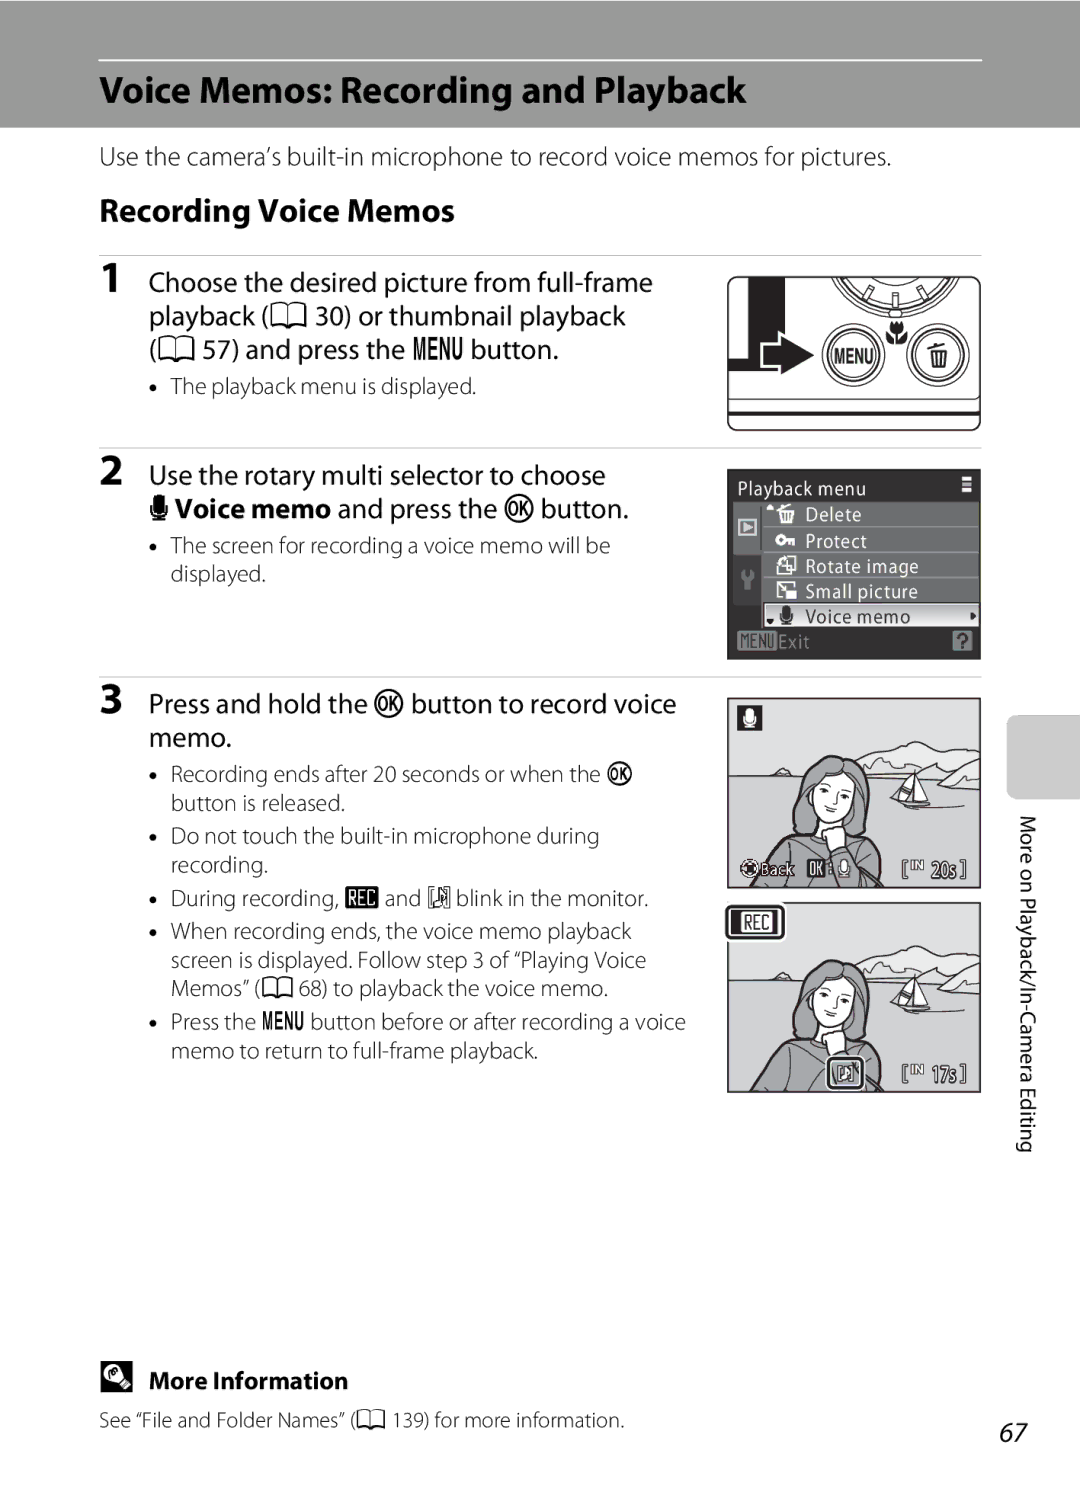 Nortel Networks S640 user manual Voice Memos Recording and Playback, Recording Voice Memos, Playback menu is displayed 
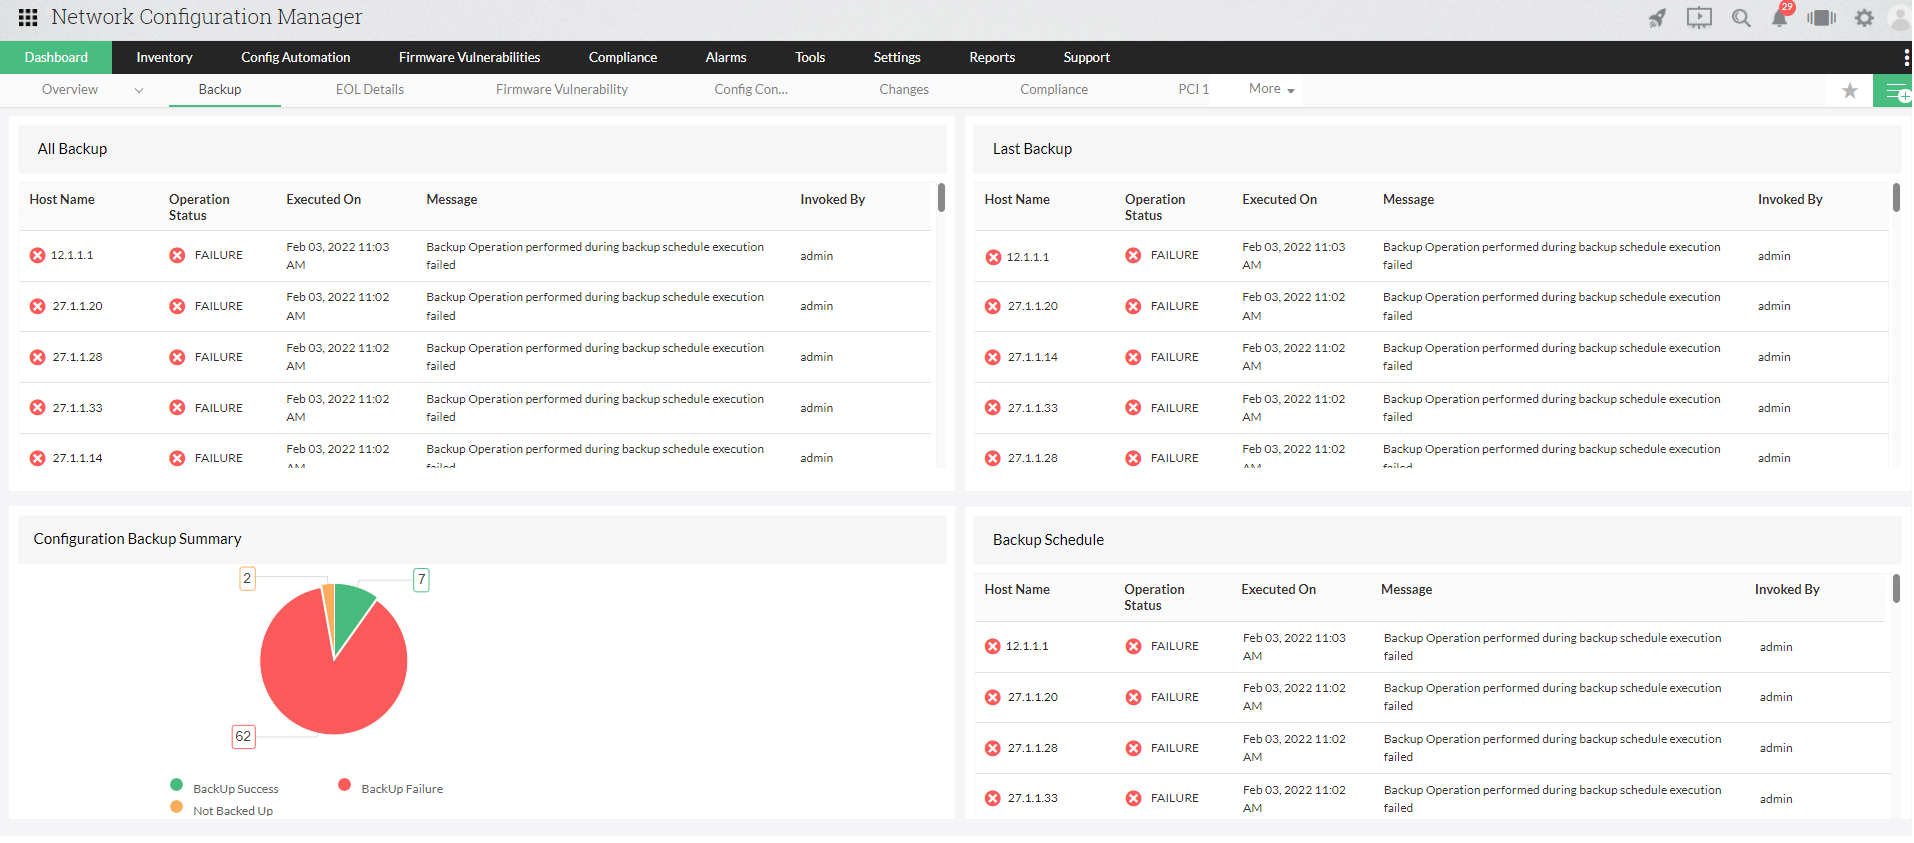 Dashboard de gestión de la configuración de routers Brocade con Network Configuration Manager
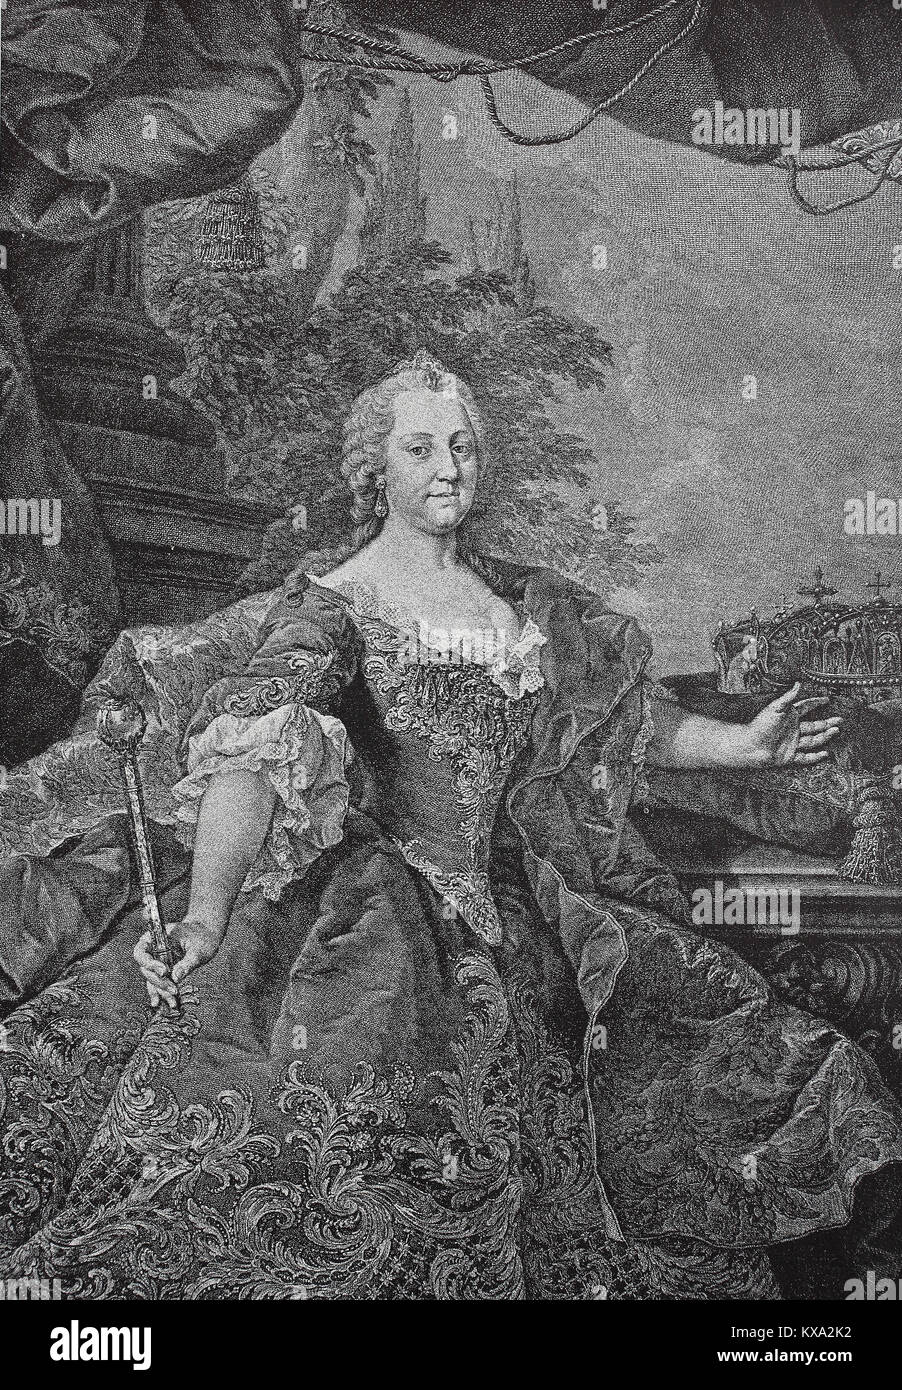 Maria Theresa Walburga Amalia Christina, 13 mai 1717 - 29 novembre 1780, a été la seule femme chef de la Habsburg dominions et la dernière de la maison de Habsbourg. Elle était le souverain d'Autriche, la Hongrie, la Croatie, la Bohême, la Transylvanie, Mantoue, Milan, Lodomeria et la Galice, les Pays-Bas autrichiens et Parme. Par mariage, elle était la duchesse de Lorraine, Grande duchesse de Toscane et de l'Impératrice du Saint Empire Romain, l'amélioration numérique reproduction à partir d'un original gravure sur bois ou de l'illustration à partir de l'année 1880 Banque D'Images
○ ○ ○
Please quote the lines of the material, beginning with the first and ending with the one that contains "Dashboard de gestión", exactly as written and without any pictures.

 Nortel Networks S640 user manual Voice Memos Recording and Playback, Recording Voice Memos, Playback menu is displayed 
 Dashboard de gestión de la configuración de routers Brocade con Network Configuration Manager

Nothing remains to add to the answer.